Exercise: Each line from the one containing "Reporting Monfinancier Epargne" through the end of the data must be retyped exactly, and no other line.

Data section:

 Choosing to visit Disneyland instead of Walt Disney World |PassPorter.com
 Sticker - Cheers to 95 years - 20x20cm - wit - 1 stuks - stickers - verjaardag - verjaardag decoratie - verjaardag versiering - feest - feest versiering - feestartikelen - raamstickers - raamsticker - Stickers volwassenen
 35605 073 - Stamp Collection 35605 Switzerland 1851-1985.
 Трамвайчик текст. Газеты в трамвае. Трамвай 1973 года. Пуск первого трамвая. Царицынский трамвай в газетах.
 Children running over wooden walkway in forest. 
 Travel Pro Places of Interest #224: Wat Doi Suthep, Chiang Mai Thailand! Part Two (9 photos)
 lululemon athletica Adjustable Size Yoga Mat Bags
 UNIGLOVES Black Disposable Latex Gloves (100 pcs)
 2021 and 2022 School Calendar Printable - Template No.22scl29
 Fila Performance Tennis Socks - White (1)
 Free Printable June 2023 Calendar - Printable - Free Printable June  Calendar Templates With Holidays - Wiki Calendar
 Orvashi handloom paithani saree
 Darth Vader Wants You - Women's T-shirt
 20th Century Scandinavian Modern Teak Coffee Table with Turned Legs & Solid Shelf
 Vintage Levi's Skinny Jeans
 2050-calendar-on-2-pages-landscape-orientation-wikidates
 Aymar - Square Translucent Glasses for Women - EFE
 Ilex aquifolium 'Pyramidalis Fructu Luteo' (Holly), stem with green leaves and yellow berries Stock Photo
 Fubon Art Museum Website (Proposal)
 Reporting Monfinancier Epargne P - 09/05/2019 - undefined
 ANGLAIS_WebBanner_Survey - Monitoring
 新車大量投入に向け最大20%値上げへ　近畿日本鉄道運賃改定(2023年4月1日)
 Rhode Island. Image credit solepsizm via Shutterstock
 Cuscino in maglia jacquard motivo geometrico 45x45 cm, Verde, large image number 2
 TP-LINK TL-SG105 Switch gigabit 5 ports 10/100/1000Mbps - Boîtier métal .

Written response:
 Reporting Monfinancier Epargne P - 09/05/2019 - undefined
 ANGLAIS_WebBanner_Survey - Monitoring
 新車大量投入に向け最大20%値上げへ　近畿日本鉄道運賃改定(2023年4月1日)
 Rhode Island. Image credit solepsizm via Shutterstock
 Cuscino in maglia jacquard motivo geometrico 45x45 cm, Verde, large image number 2
 TP-LINK TL-SG105 Switch gigabit 5 ports 10/100/1000Mbps - Boîtier métal .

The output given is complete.